Ted Nesser

Profile
- Positions: Center, Guard, Tackle

Personal information
- Born: April 5, 1883 Dennison, Ohio, U.S.
- Died: June 7, 1941 (aged 58) Columbus, Ohio, U.S.
- Height: 5 ft 10 in (1.78 m)
- Weight: 230 lb (104 kg)

Career information
- College: None

Career history

Playing
- 1904: Columbus Panhandles
- 1904: Shelby Blues
- 1904–1906: Massillon Tigers
- 1913: Akron Indians
- 1914: Canton Professionals
- 1907–1921: Columbus Panhandles

Coaching
- 1920–1921: Columbus Panhandles
- Coaching profile at Pro Football Reference

= Ted Nesser =

American football player and coach (1883–1941)
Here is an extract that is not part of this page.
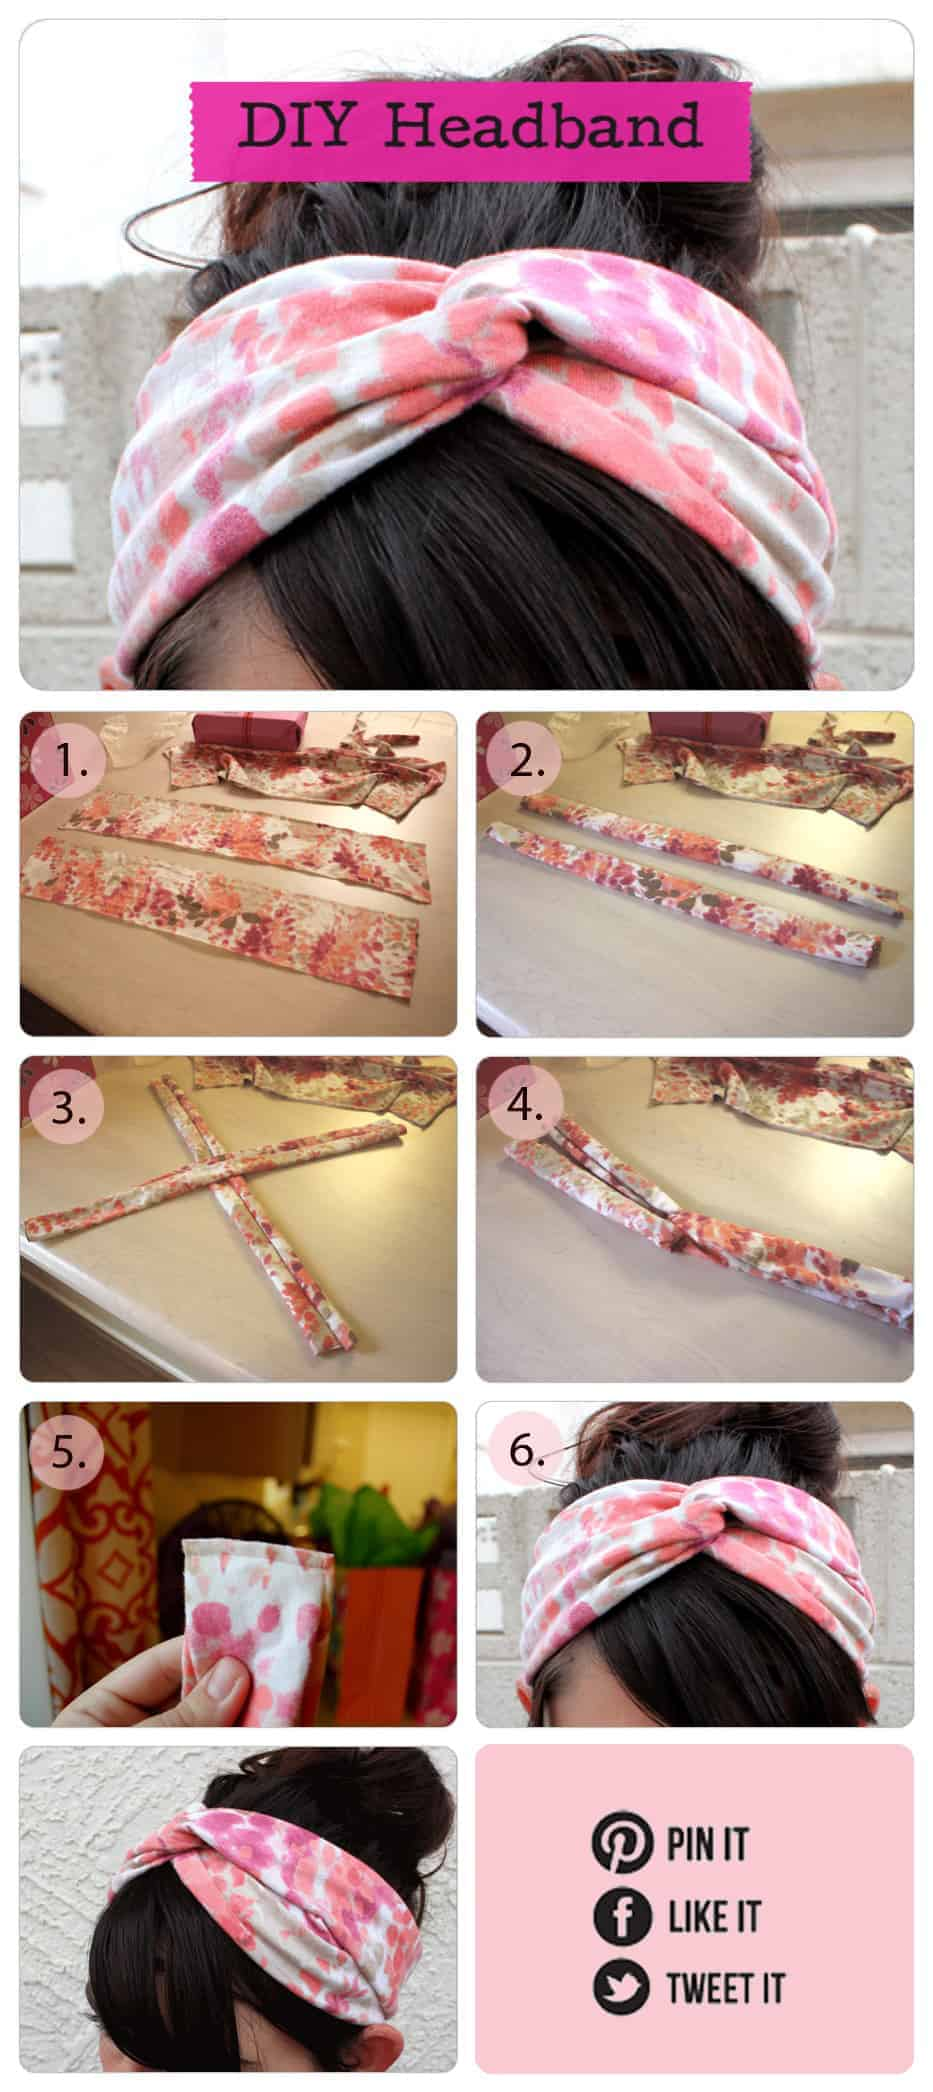 DIY fabric headband tutorial

Theodore Nesser Jr. (April 5, 1883 – June 7, 1941) was a professional football player-coach in the "Ohio League" and the early National Football League (NFL). During his professional football career, he played for the Columbus Panhandles, Massillon Tigers, Akron Indians, Canton Bulldogs and Shelby Blues.
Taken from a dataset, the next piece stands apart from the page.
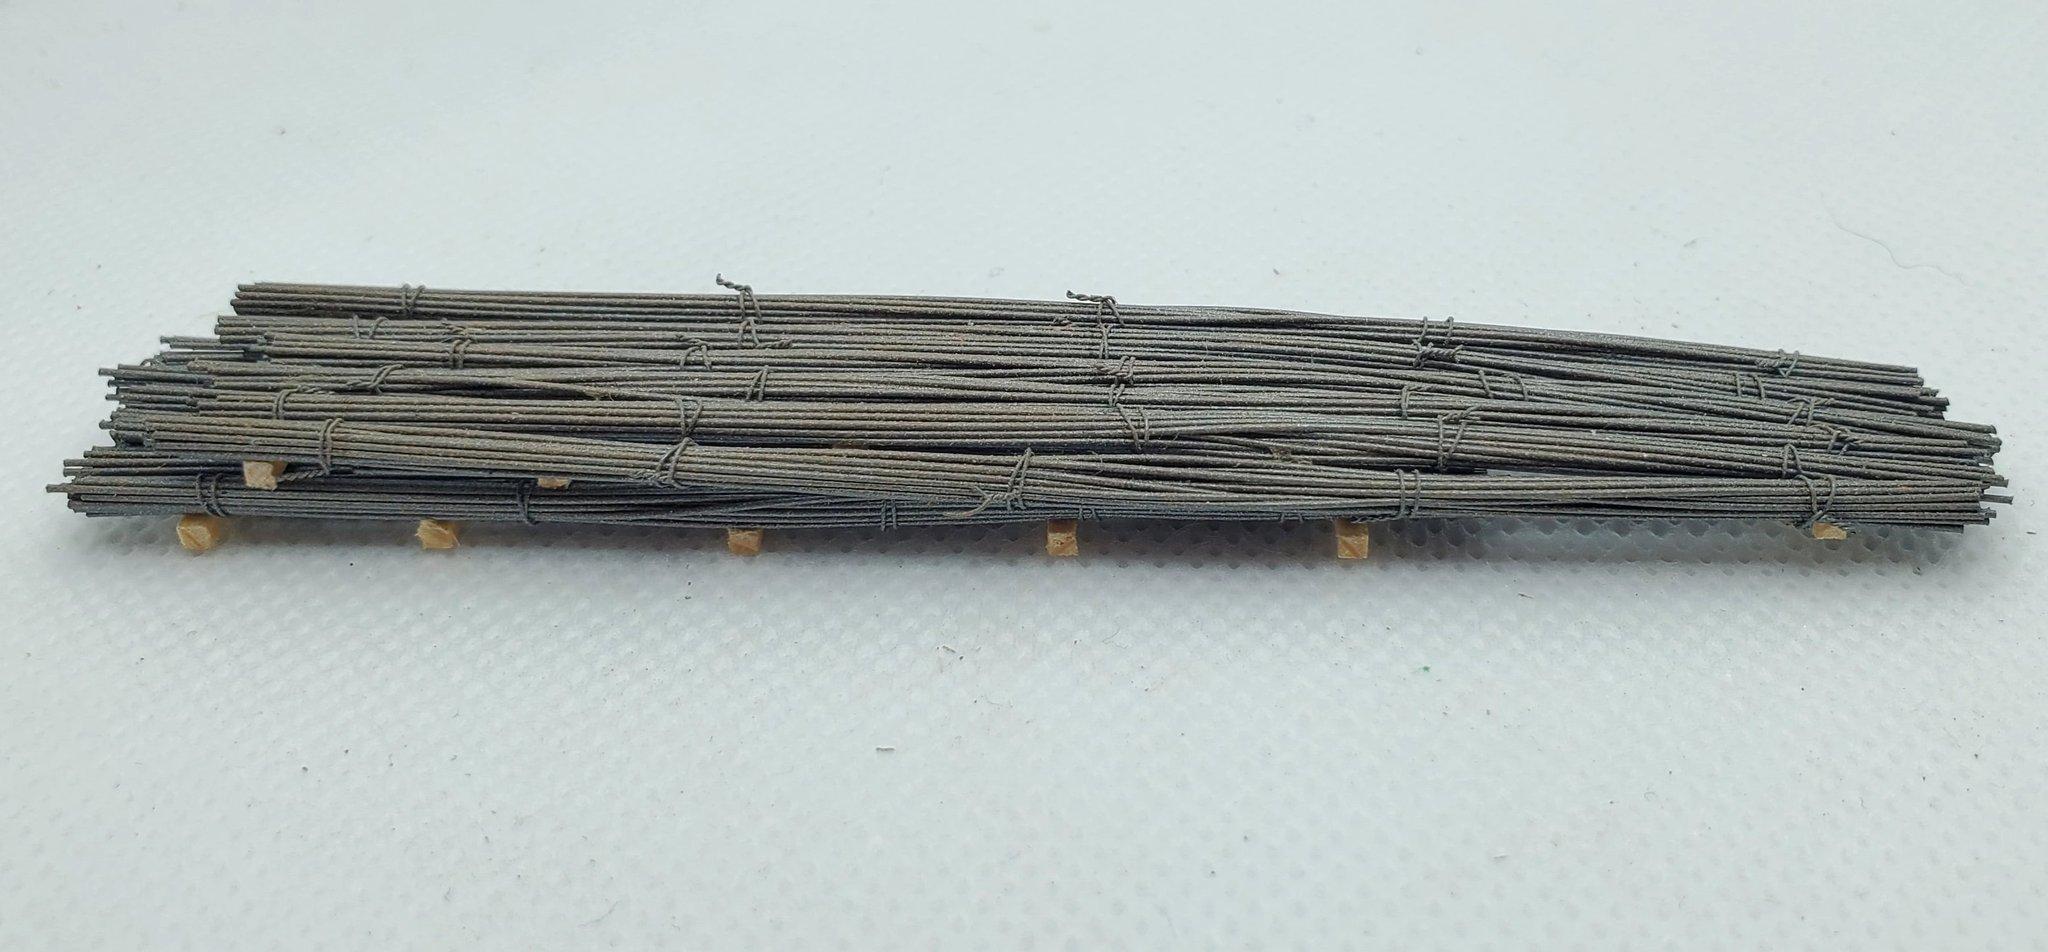 N Scale - CG Model Trains - 13411 - Railcar Loads - Painted/Unlettered - Bundled Rebar

Ted Nesser, at left, and his brothers comprised the core of the 1921 Columbus Panhandles team.

He was also a member of the Nesser Brothers, a group consisting of seven brothers who made-up the most famous football family in the United States from 1907 until the mid-1920s. Ted was the first Nesser to make money at football, playing for Massillon's state championship teams in 1904, 1905 and 1906.
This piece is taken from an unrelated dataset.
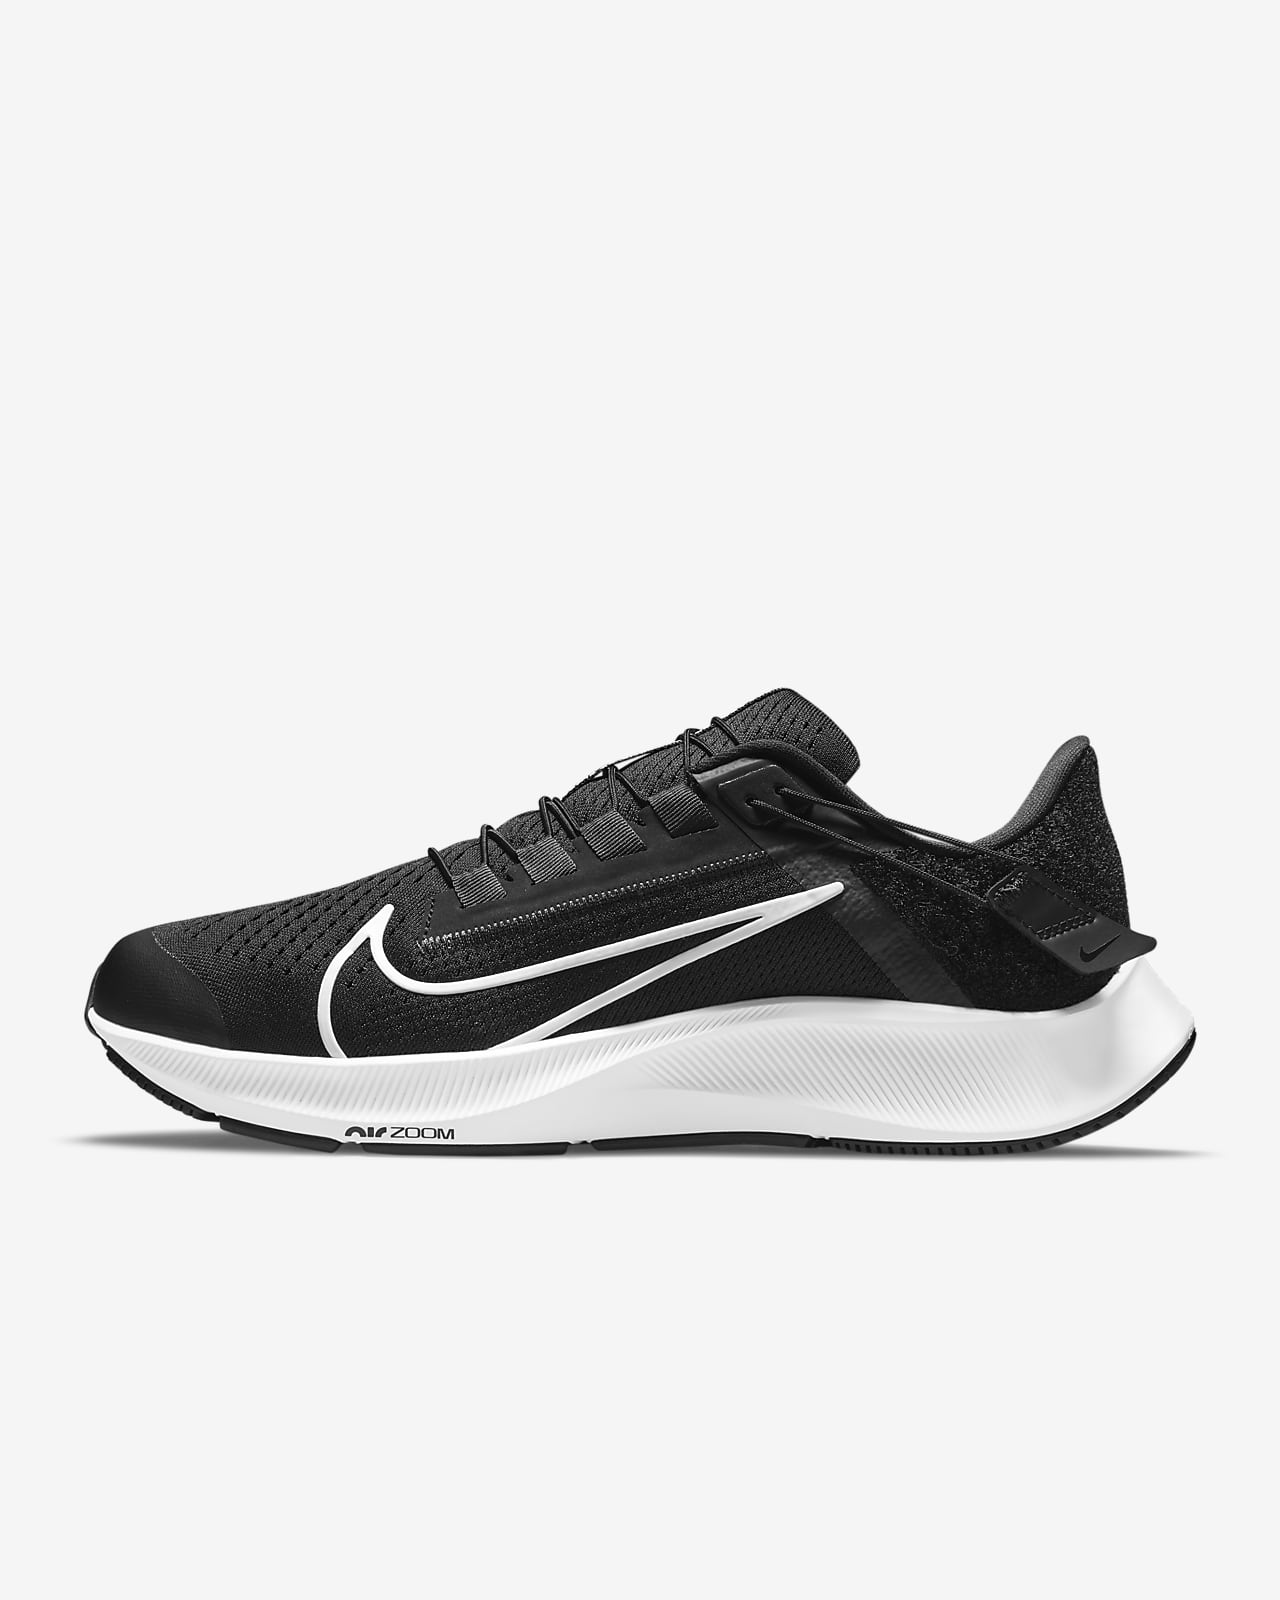 Sapatilhas de running Nike Air Zoom Pegasus 38 FlyEase para homem

Ted was considered the toughest of the Nesser brothers. In 1906, he reputedly ended the career of Willie Heston, a former Michigan All-American, with a hard tackle in a Massillon Tigers-Canton Bulldogs game. In 1908, Ted reputedly stayed for a game with two broken bones protruding from an arm, just because he thought that his brothers needed him. Nesser was also reported to have had broken his nose at least eight times.

He was also considered a football genius and is credited with originating several plays including the triple pass, the criss-cross and the short kickoff. These plays became popular in the college game of that day.

None of the Nesser brothers attended college. However, in 1909, Texas A&M coach Charley Moran, fearing a loss to Texas, offered to pay Ted for his help. Even though Ted had never finished high school, he wore a freshman beanie on campus and suited up for the game. The Aggies never trailed, so Ted never got in, but Moran paid him $200 afterward for his trouble.

Ted's son Charlie also played briefly for the Panhandles in 1921. This is marked as the only father-son combination to play together in NFL history.

In 2015, the Professional Football Researchers Association named Nesser to the PRFA Hall of Very Good Class of 2015.